Хорошо, что коллектив нестабильный, всякий гад на свой лад. Новый человек не будет старожилам глаза мозолить. Пока все друг к дружке непритертые, новые. Да и у отцов-командиров голова, наверное, вовсю болит, насколько надежными в бою окажутся вчерашние краскомы.

– Вы на какой должности у большевиков послужили? – спросил я, допуская, что Наплехович пошлёт подальше.

Но он ответил, потупившись:

– Ротным.

Я верную выбрал тактику. Обвиноватил поручика, и теперь не меня он буравил глазами, а носки своих скверно чищеных сапог.

Как в сообщающихся сосудах – у него настроения убыло, а у меня добавилось. Почти пятнадцать лет я не носил портянок, а намотал любо-дорого. Без единой морщинки, туго. И быстро, в три приёма, точными движениями.

Помнят руки! Через столько лет! Правда и тогда, в восемьдесят третьем в учебке в первый же день я, сугубо городской житель, с ходу овладел методикой наматывания портянок.

Однократного рассказа и показа отделенного командира младшего сержанта Володина оказалось достаточно. За всю службу я не натер ни одной мозоли. Наука, конечно, нехитрая, но много кто, помнится, проблемы с ней имел.

– Штабс-капитан Белов, гляжу, серьезный. – Я успел прикусить язык, не дав слететь привычному слову «мужик», наверняка при характеристике офицера Добрармии, неуместному. – Э-э-э, человек.

Наплехович неопределенно кивнул. Ни да, ни нет. Резонно, только самый глупый дурак кинется освещать личность командира первому встречному.
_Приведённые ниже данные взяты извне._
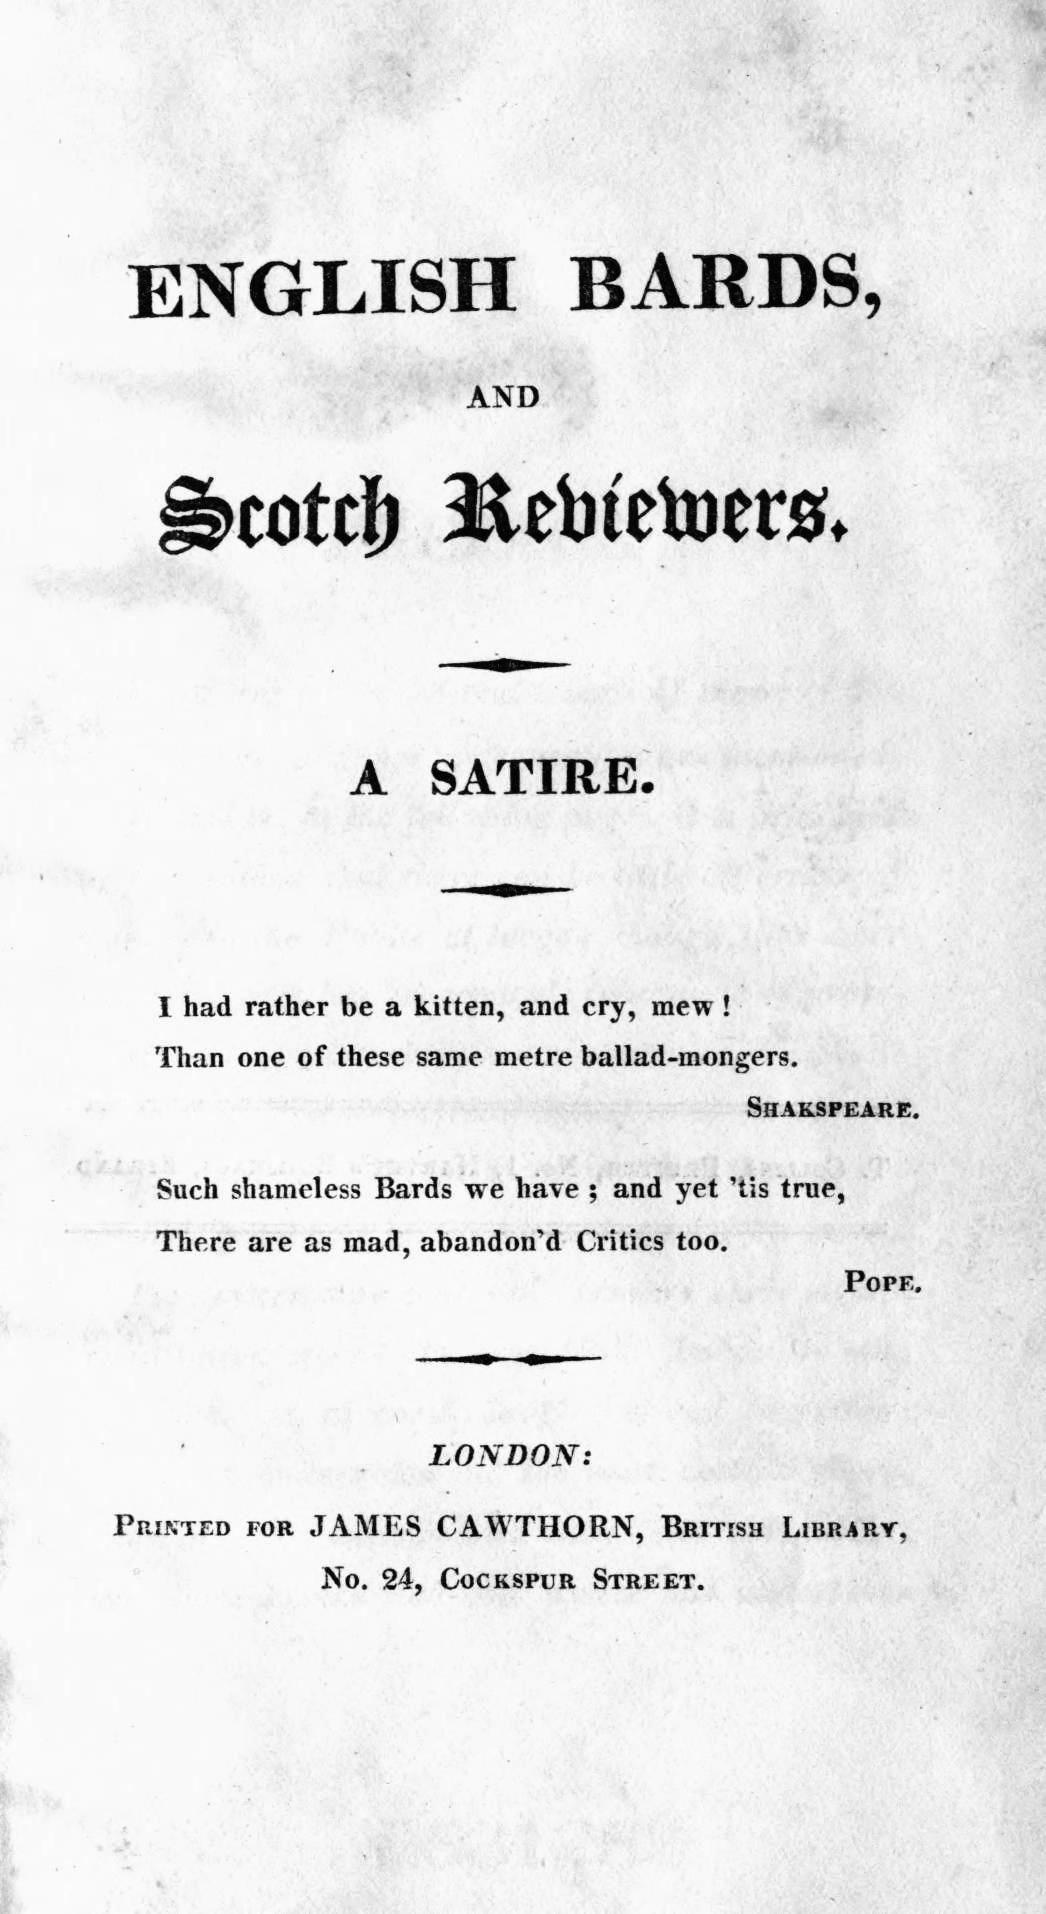 English Bards And Scotch Reviewers Wikipedia

Я закинул на плечо увесистый «сидор» и винтовку:

– Куда теперь?

– В роту.

– Хорошо бы пожевать чего-нибудь, – стрессовая ситуация в совокупности с лихорадочной работой мозга высосали из организма полезные витамины.

– Сало едите, господин штабс-капитан?

– А як же, – я расплылся в улыбке, – неуж на мусульманина похож?

– Да трохи е, – осторожно сказал Наплехович.

Не он первый про это сообщает. Но прежде такое случалось, когда я стригся наголо в армии или в стройотряде и потом загорал до черноты. В Юрьевце на Волге узбеки заговорили со мной по-свойски. Гыр-гыр-гыр. Я когда въехал, ответил им интеллигентно: «Нихт ферштейн[32 - Нихт ферштейн – не понимать (немецк.)], земляки». Они не поняли, продолжили докучать, и я вынужден их был отшить заученной в армии фразой на тюркском наречии, в которой словеса «кара хайван»[33 - Кара хайван – чёрная скотина (тюркс.)] были самыми куртуазными.

Их гужевалось на привокзальном рынке трое или четверо, а нас двенадцать бойцов, половина ССО «Ермак», поэтому «дружескую» репризу «зёмы» проглотили.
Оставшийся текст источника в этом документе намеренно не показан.